Прима махнула ему из окна, Петр рухнул с ней рядом, и карета резво взяла с места.
— Спасибо, что хоть сегодня навестили, — бросила девушка графу.
— Дела, милая, дела, — развел руками тот. — Время сами видите какое.
— Не вижу. В больнице окна зашторены, стены толстые.
Граф расхохотался.
— Так, может, есть смысл так и жить в больнице?
— Нет уж, с меня хватит.
Воры — Артур, Улюкай, Безносый и Резаный — сидели на «хазе», пили чай, а кто и белое вино, кушали фрукты и слушали новость, которую им принес их стукачок, младший полицейский чин Феклистов.
— После пытки Кабан сутки отлеживался, потом подписал бумагу.
— Бумагу о чем? — переспросил Безносый.
— Что будет у полиции на бечевке. Зорить станет любого из вас. А уж ежли, часом, наткнется на Соньку, определенно не упустит.
— Надо поскорее пришить бедолагу, — задумчиво произнес Артур и загадочно оглядел товарищей. — А я ведь, братья, видел Соньку.
— Иди ты! — не поверил Улюкай. — И чего она?
— С полицмейстером. Под ручку. Не знал бы, что воровка, за благородную принял бы.
— Чего несешь?! — нахмурился Безносый. — С самим полицмейстером?
— Ну!.. Зашли в ювелирку на Литейном, стали цацки подбирать.
— Буровишь ведь, сознайся!
— Клянусь, — перекрестился Артур. — По виду не признал бы, а вот голос выдал.
— Ну, тетка!.. Ну, фартовая! Самого полицмейстера заарканила! — мотнул головой Безносый.
— Так и я об этом. Бельмам собственным не поверил!
— Тебя заметила?
— А то!.. Зыркнула так, что я мигом из ювелирки! Даже притырить ничего не успел.

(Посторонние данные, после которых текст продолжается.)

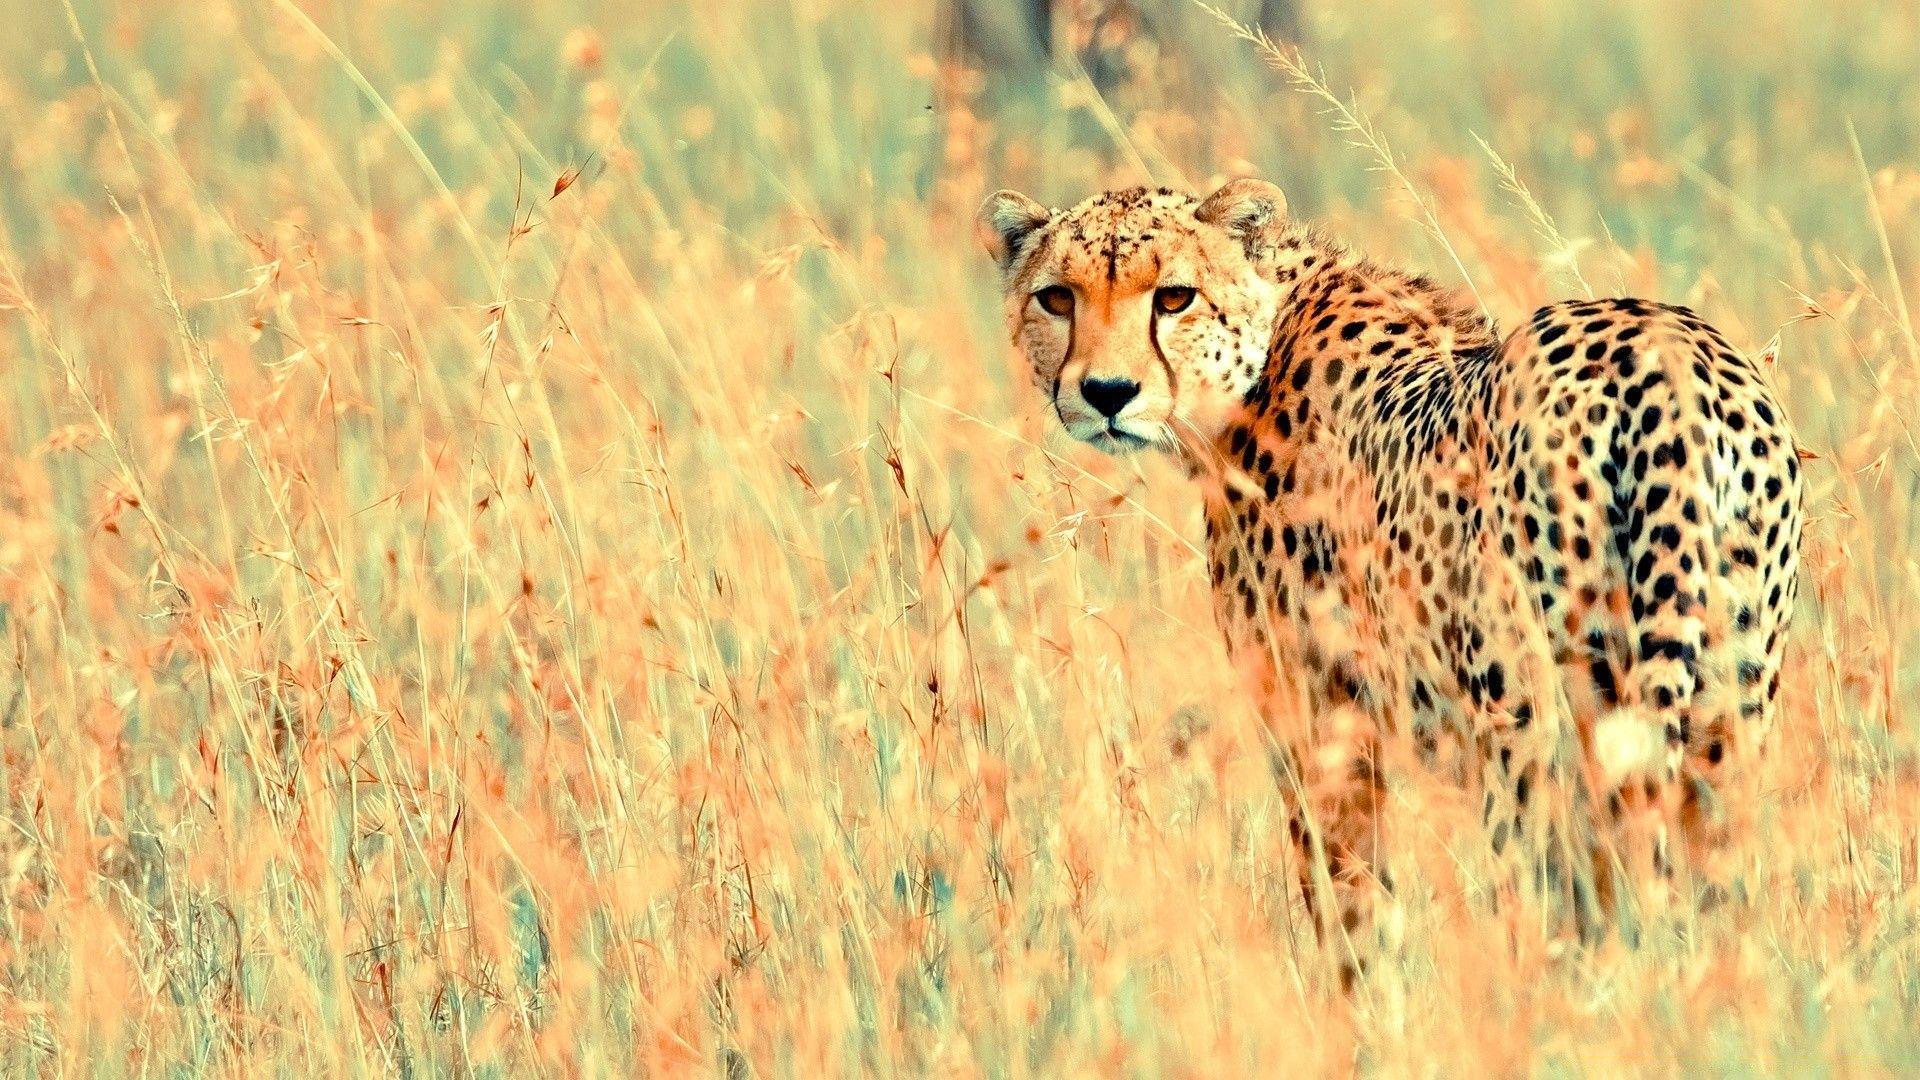 Animals, Wildlife, Mammal, Nature, Grass, Animal, Wild

— Кабан точно на нее напорется, — подвел черту Резаный. — А как напорется, так и завалит.
— Вот и я об этом. Надо отследить Соньку и вести ее своим хвостиком.
— Ей бы самой поосторожничать, — заметил Безносый. — А то ведь совсем в страх заигралась.
— Попробую найти ей подсказчика, — кивнул Артур.
* * *Вечером, за несколько часов до спектакля, над главным входом в театр висела огромная афиша, на которой было изображено лицо Таббы, а под ним надпись: «ГОСПОЖА БЕССМЕРТНАЯ СНОВА НА СЦЕНЕ!» А чуть ниже был обозначен спектакль — «И. ШТРАУС „ЛЕТУЧАЯ МЫШЬ“».
Здесь же играл театральный оркестр небольшого состава, бегали по улице газетчики-подростки, раздавая прохожим театральные листки.
БЕССМЕРТНАЯ СНОВА НА СЦЕНЕ!
БЕССМЕРТНАЯ В БЕССМЕРТНОМ СПЕКТАКЛЕ!
БИЛЕТОВ НЕТ. НО ВСЕ РАВНО ПРИХОДИТЕ!
СПЕШИТЕ ВИДЕТЬ ВОСКРЕСШУЮ ПРИМУ!
Неподалеку, в каких-то ста шагах от театра, брел вор Кабан, еле волоча ноги и почти не разбирая дороги.
Окна кабинета Гаврилы Емельяновича были открыты, до слуха доносились игра оркестра, выкрики зазывал, шум улицы. Сам директор сидел за столом и со спокойным видом смотрел на свою любимицу.
Табба выглядела отменно — волосы гладко зачесаны, платье подобрано по фигуре, взгляд спокойный и снисходительный.
— Вы восхитительны, — промолвил директор, по-прежнему не сводя с нее глаз. — Впечатление такое, что больница пошла вам на пользу.